*** INFORMATION PROVIDED ***
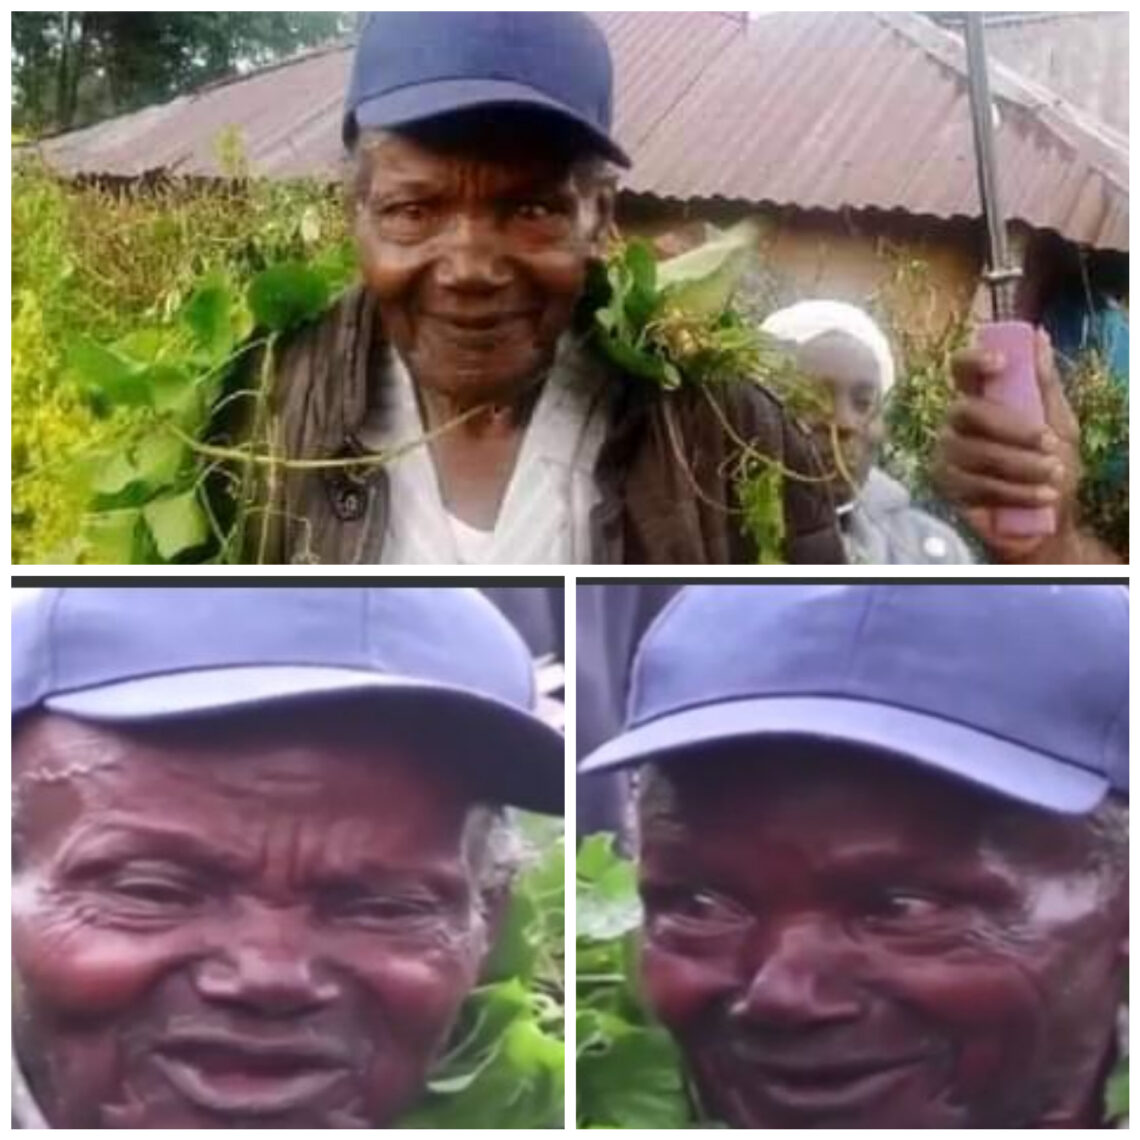 Machuka un vieil homme kenyan de 91 ans revient après 50 ans d'absence avec une canne comme seul bien. Il avait disparu i il y a 50 ans...
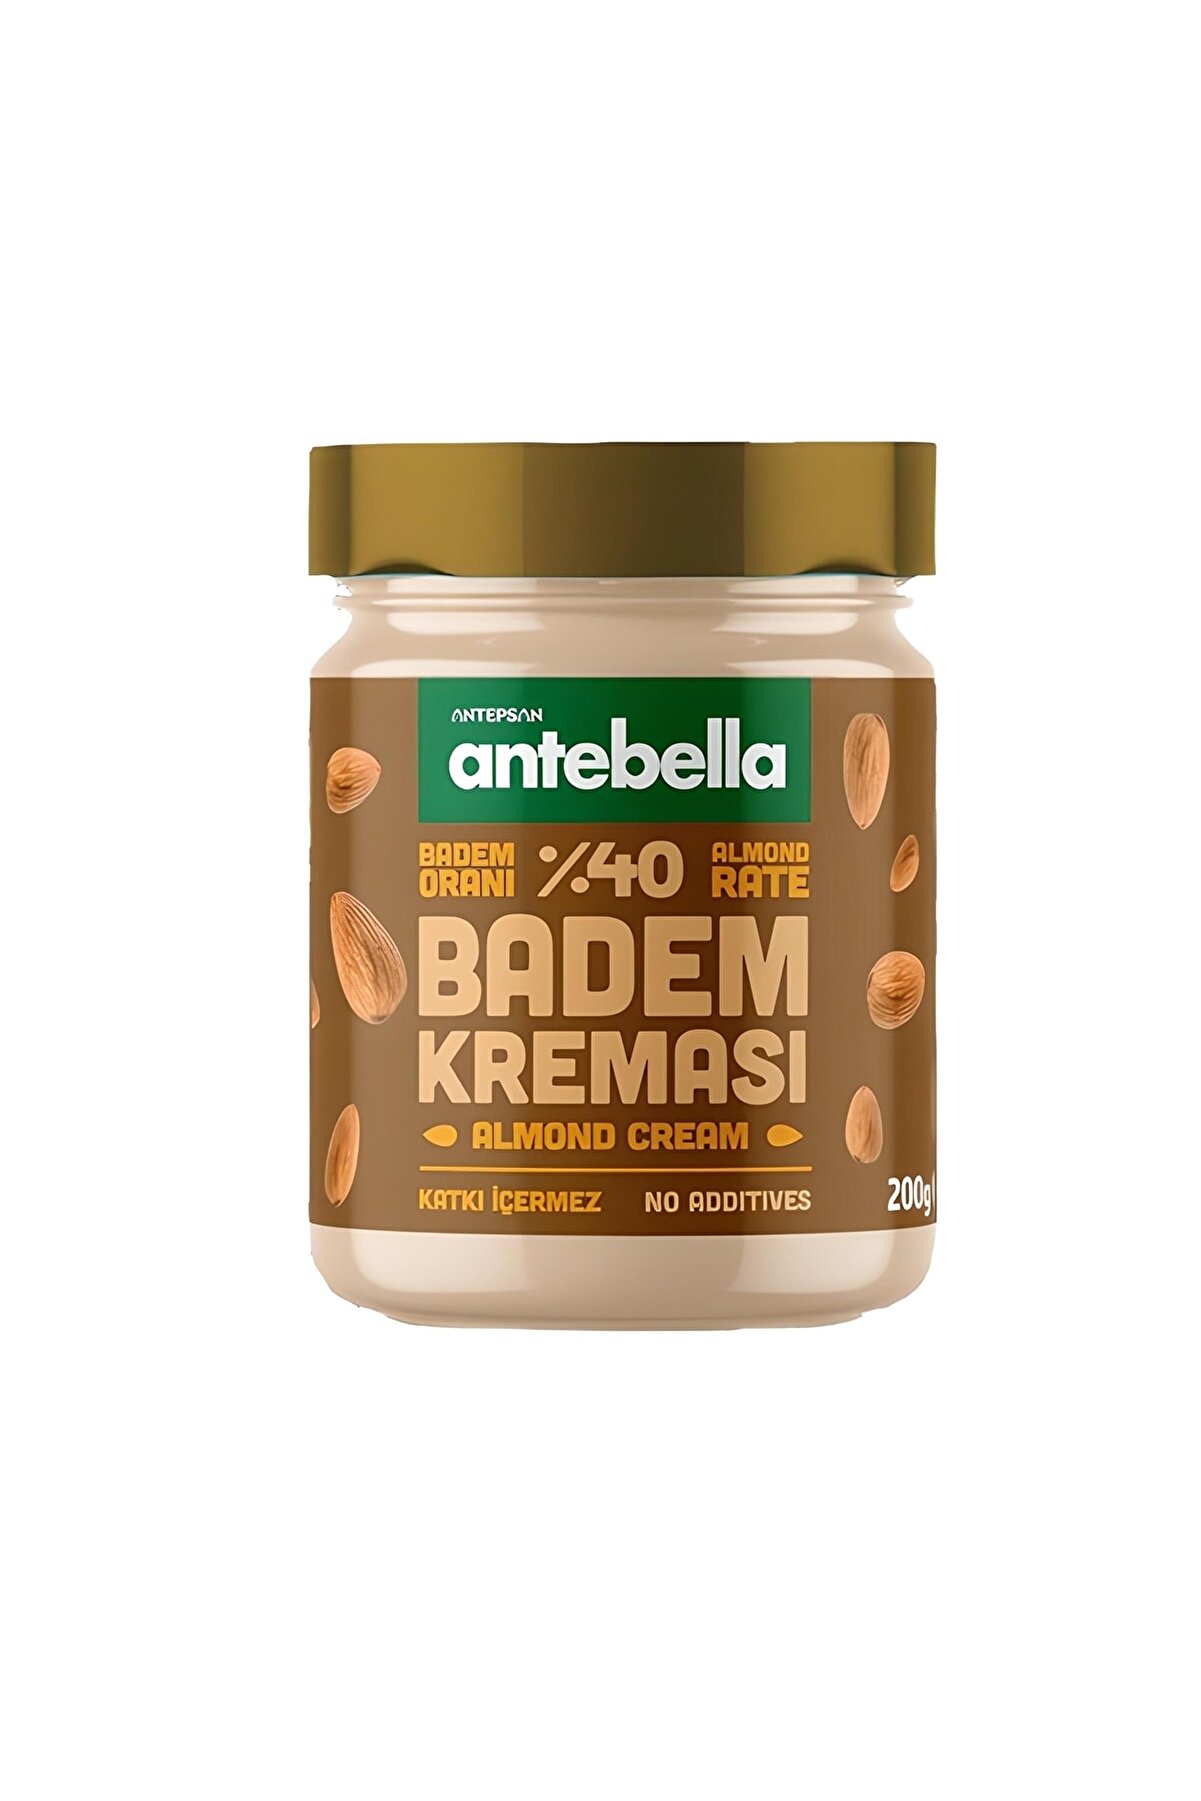 Antebella Almond Cream 200 g, (%40) Almond
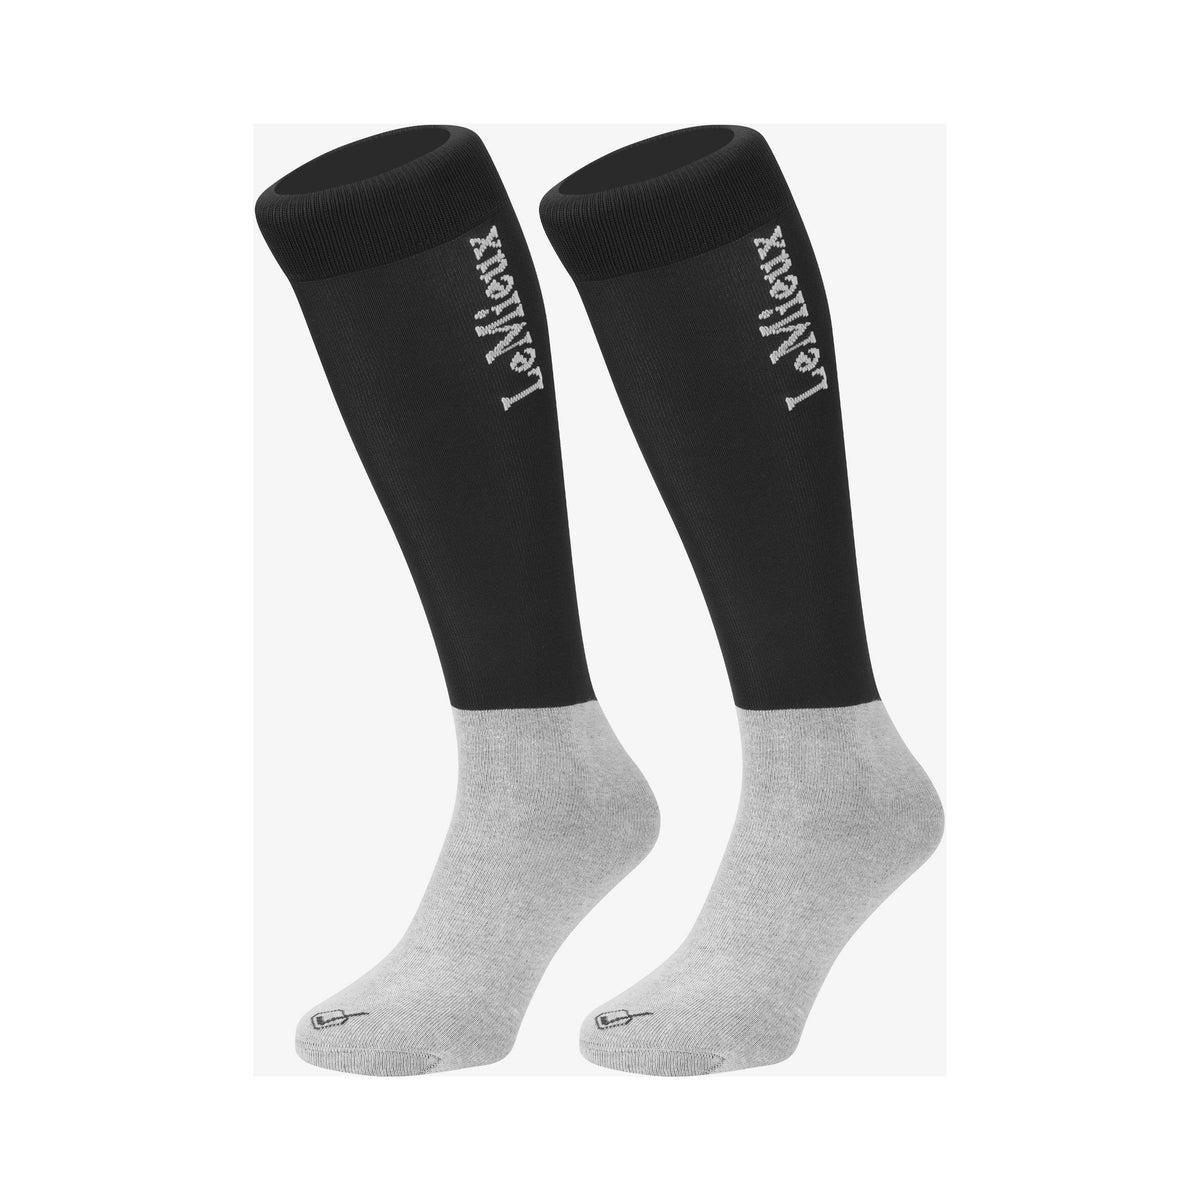 LEMIEUX LeMieux Competition Socks - Twin Pack in Black
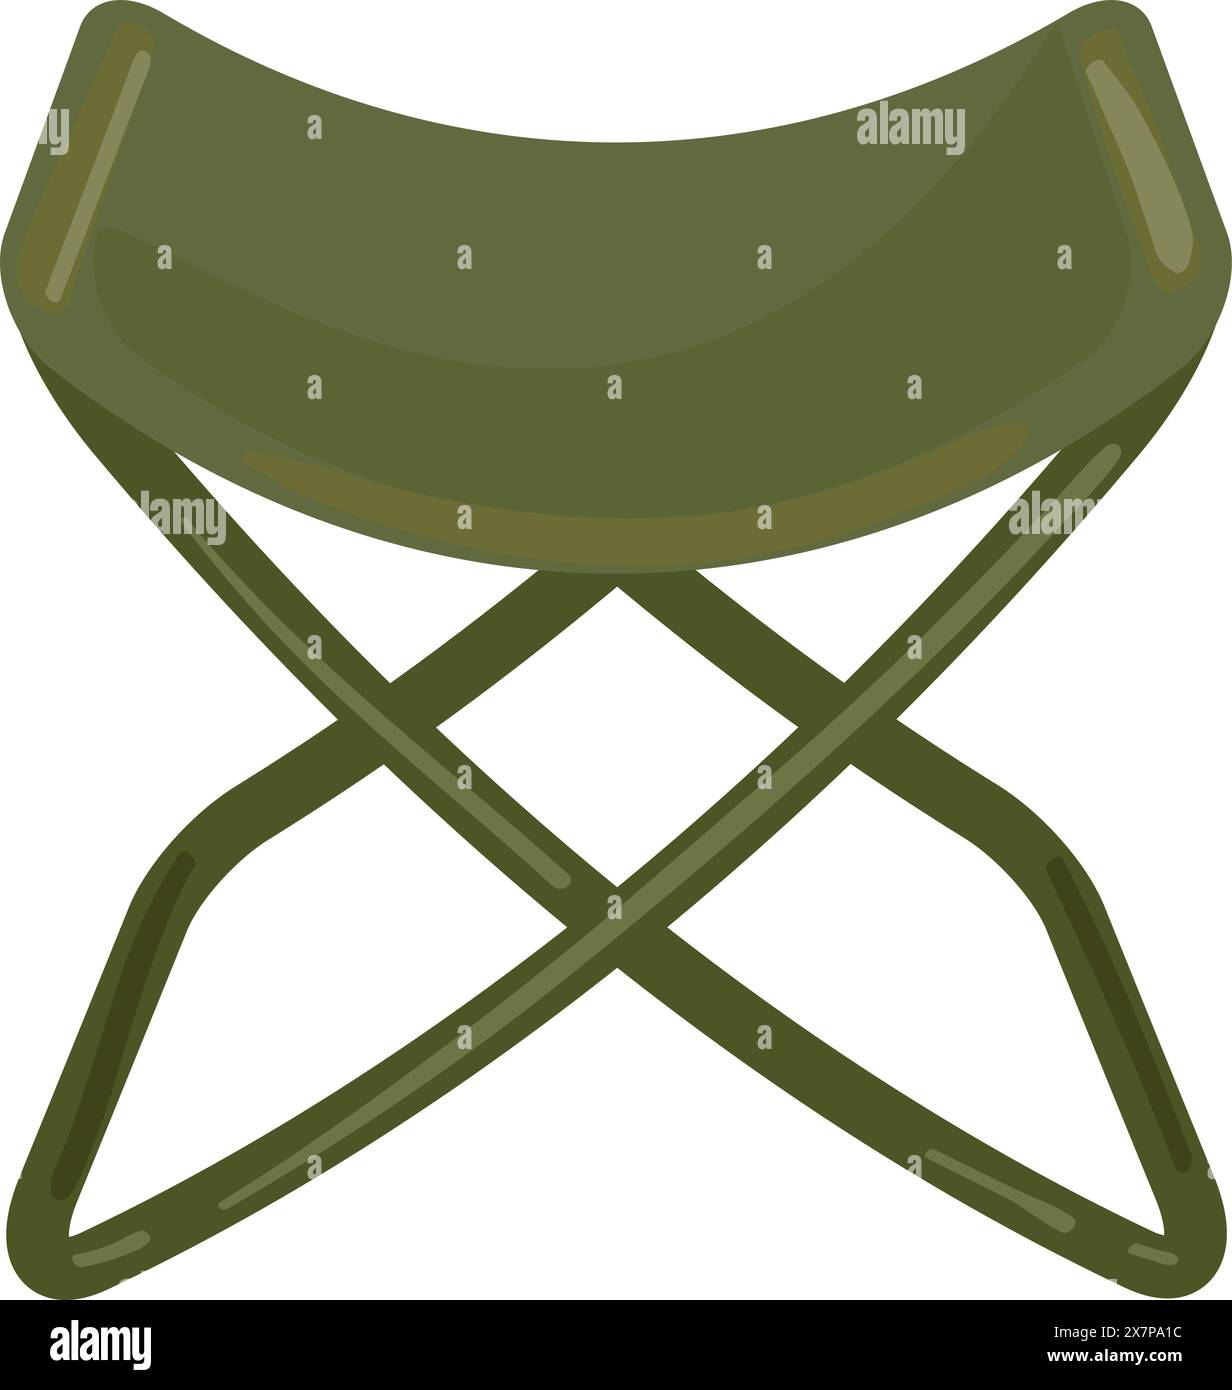 Green folding camping stool illustration Stock Vector
*** End of INFORMATION PROVIDED ***
## PROBLEM TO WORK ON
Transcribe the listing exactly; omit all images.

## SOLUTION BELOW
 Machuka un vieil homme kenyan de 91 ans revient après 50 ans d'absence avec une canne comme seul bien. Il avait disparu i il y a 50 ans...
 Antebella Almond Cream 200 g, (%40) Almond
 LEMIEUX LeMieux Competition Socks - Twin Pack in Black
 Green folding camping stool illustration Stock Vector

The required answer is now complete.